The Budget also confirmed some things announced by the last Government but not specifically endorsed by the new Government until now:
- Relaxation of the residency rules for SMSFs (see our last blog here). While the new Government confirmed its commitment to this change, the start date won’t be 1 July 2022 as originally planned. Instead it will be the 1 July after the relevant legislation receives Royal Assent. Since there’s been no legislation put forward yet – even in draft form for consultation – it’s likely that this is still a little way off.
- Funding for the “Modernising Business Registers” program. While that might not be a household name, it’s the program that includes director identification numbers (director IDs). Like Heffron, we expect many practitioners are still struggling to mobilise all relevant clients to apply for a director ID by 30 November 2022. Unfortunately we will have to keep pushing because it’s definitely not going away.
And finally, the Budget ruled out one very bad idea that the previous Government announced but never got to implement: replacing annual SMSF audits with a three yearly cycle. Given the important role audits play in supporting the ATO to manage compliance, it was always a mystery to me why this was ever suggested in the first place. A great example of a solution looking for a problem.
Often with a Federal Budget there’s as much interest in what is NOT said as what IS included. Since there was nothing new this year, it’s worth briefly reflecting on what might have been.
There was nothing on:
- The amnesty for legacy pensions proposed in May 2021 which would allow members with these pensions to terminate them relatively painlessly (see our blog at the time). The loud silence on this issue suggests it is simply not on the Government’s radar. This is bitterly disappointing. It’s a change that is long overdue, creates no great revenue leakage for the government, recognises that the tax and regulatory environment has moved on enormously since people put these in place (they haven’t been an option as a brand new pension since 2007) and is simply…. the right thing to do. The fact that it hasn’t been done yet beggars belief. Hand me the keyboard and I will write some draft legislation to release for consultation tomorrow. Who’s with me?
There have been some changes on these pensions that help those with very large legacy pensions improve their position (even potentially exit them entirely). But the change comes at a cost – most people need to accept a short term additional tax bill to make the change. An amnesty might not change the eventual outcome but it would remove the cost. The failure to even mention this amnesty does suggest that some clients who can improve their situation already should look to do so now rather than wait.
- Non Arm’s Length Income & Expenses (NALI and NALE). This has been a festering sore since the ATO first publicised its controversial view back in 2018. The last Government accepted that it required a legislative fix. The current Government has yet to formally commit to that fix and an announcement in the Budget would have been reassuring.
- Simplifying the transfer balance cap regime – there is a great opportunity to strip out some complexity from the system here. It wasn’t taken in this year’s Federal Budget and hopefully it will be in a future version.

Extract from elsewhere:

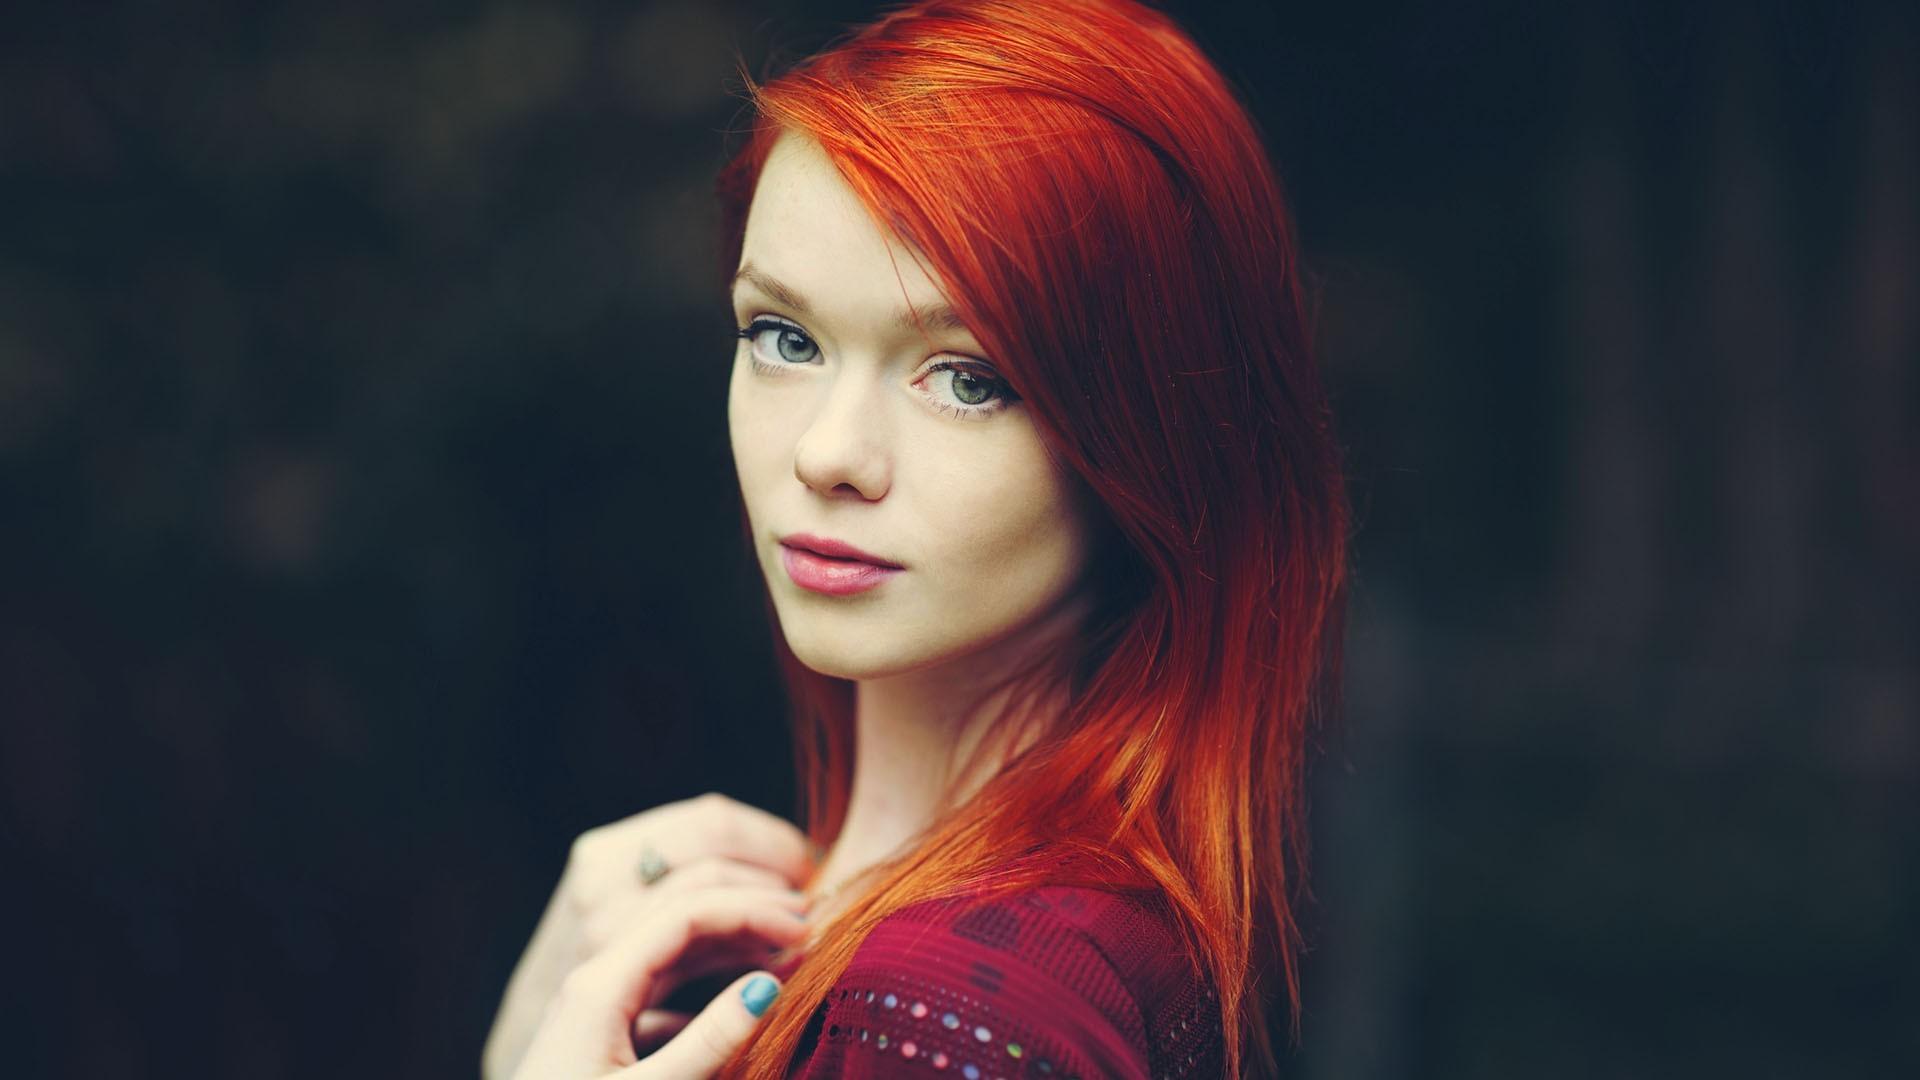 Рыжие девушки фото с зелеными глазами красивые фото

- Some of the scarier kites flown in recent weeks – changes to limited recourse borrowing arrangements (to be fair, this is raised every single year as a possible change), a $5m cap on superannuation balances, halting indexation of the transfer balance cap etc. We were very glad that none of these saw the light of day.
All in all, a quiet night for those of us in super. And perhaps that’s a good thing – there will be another one at the usual time in May 2023 so we don’t have too long to wait.